An order to sell 400 million tons of the stuff? Just imagine what that would do to the price!
3. doom&gloom said...
c&b. You've misquoted times a million I'm afraid. d&g.
4. waitingtobuy said...
D&G it is april 1st
5. greenshootsandleaves said...
d&g @ 2
Thank God for that! They might even have been tempted to give it all to the people, in which case each person's share would have been around 6.5 tons, most of which would then have gone into property, sending the average price of a 3-bed semi with potential to add a bullion vault to astronomical levels. RIP HPC. Smugdog would have been pleased..
6. quiet guy said...
Here's a theory about the sale:
http://jessescrossroadscafe.blogspot.com/2010/03/browns-bottom-is-enormous-issue-in-uk.html
7. uncle tom said...
It's all a bit mischievous, dragging this old story through the mud just before the election..
..but as Labour has a very long history of playing the same sort of game, they can't really complain...
- Did we need the gold? - Not really..
- Was it a good time to sell? - Hindsight is a wonderful thing, but the market was clearly very slack at the time.
- Was the sale conducted in a prudent manner? - No way, it flooded the market.
- Is Brown guilty? - No crime committed (as far as I know) - but a consequence of his arrogant incompetance.
8. This comment has been removed as it was found to be in breach of our Blog Policies.
9. 51ck-6-51x said...
First off, it was a bad decision, and Brown is a poor leader AFAIC, however I shall defend him...
It was the treasury's gold, they could decide what to do with it, Brown was in charge of the treasury.
The decision did not "cost the country £7bn": The fact that since the price has increased should have no bearing on the correctness of the original decision. If they sold now and did not lose this £7bn who's to say that the value would not be £7bn more in another 11 years. Furthermore the sales (there would need to be many to sell this volume at the best price) would decrease the price, so it wouldn't be the full £7bn anyway.
However, what was probably wrong was:
1) The decision to sell so much of the treasuries gold reserves in the first place;
2) The rush to do so - trading was relatively thin at the time.

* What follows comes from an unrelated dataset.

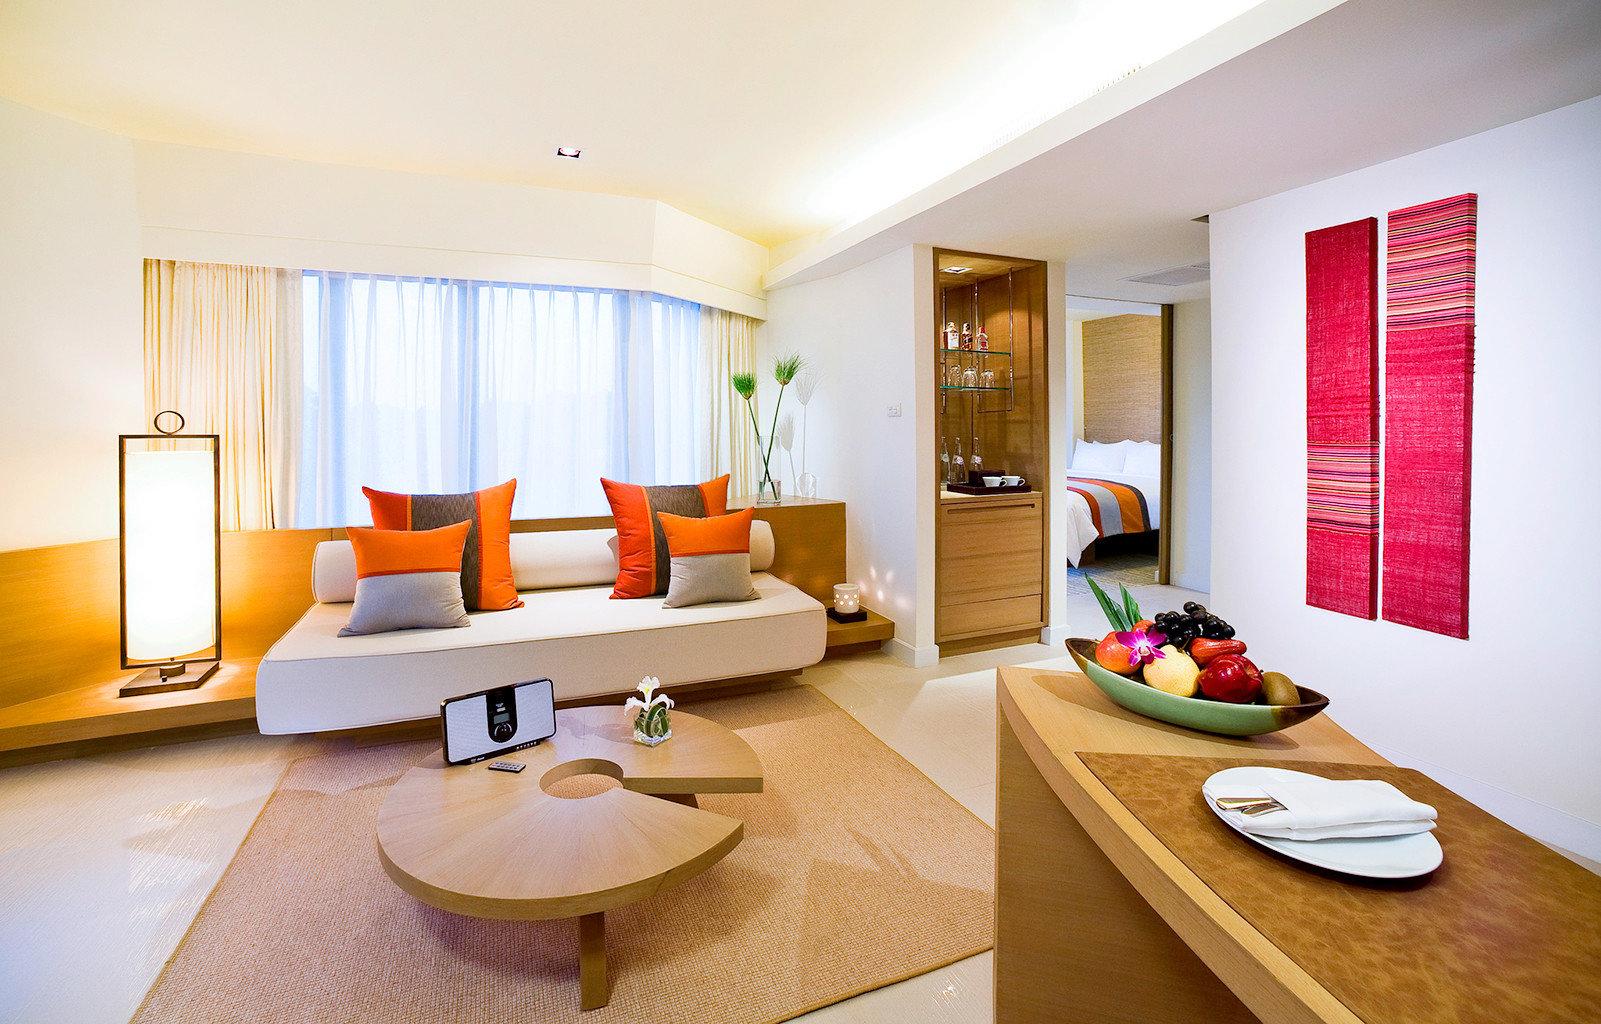 Beachfront Family Honeymoon Island Lounge Resort Romance property condominium Suite living room home Villa flat cottage Bedroom Modern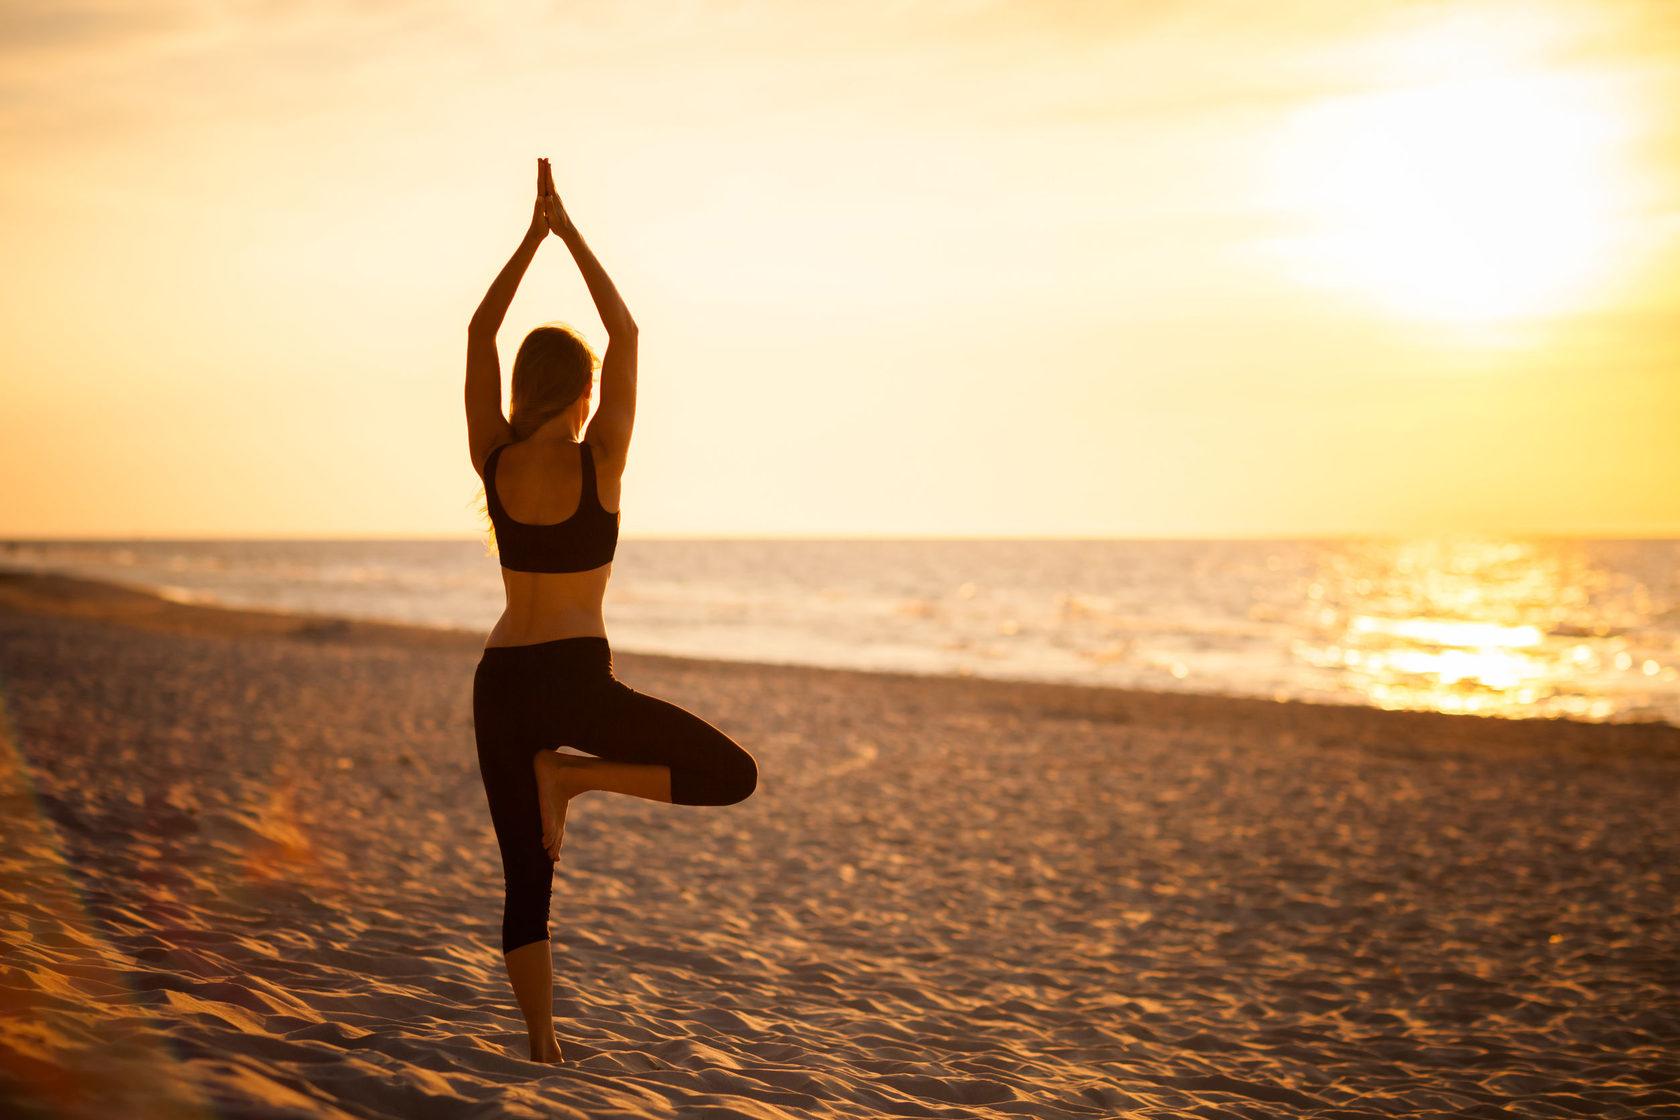 сайте йога на берегу моря фото настоящее время

3) The decision to air the fact. [totally ridiculous!]
One would think that these three points put the blame firmly on Brown, however he is not at all qualified to make these decisions: He was a history student, a history post-graduate, a tutor, a lecturer, a journalist and finally a politician.
The blame must lie with those who put him in charge and for the system that allows one person to make such a momentous decision on our behalf, surely?
10. greenshootsandleaves said...
What we'd all like to know is 'Who criticised the sale at the time?'
11. letsgetreadytotumble said...
Surely one man cannot have such power?
It was the way it was sold, to drive prices down. There's some shenanigans at work here.
http://www.youtube.com/watch?v=A5v-I8JrPxA
A court has ordered Brown to release all the info on this before the GE under the FOI act.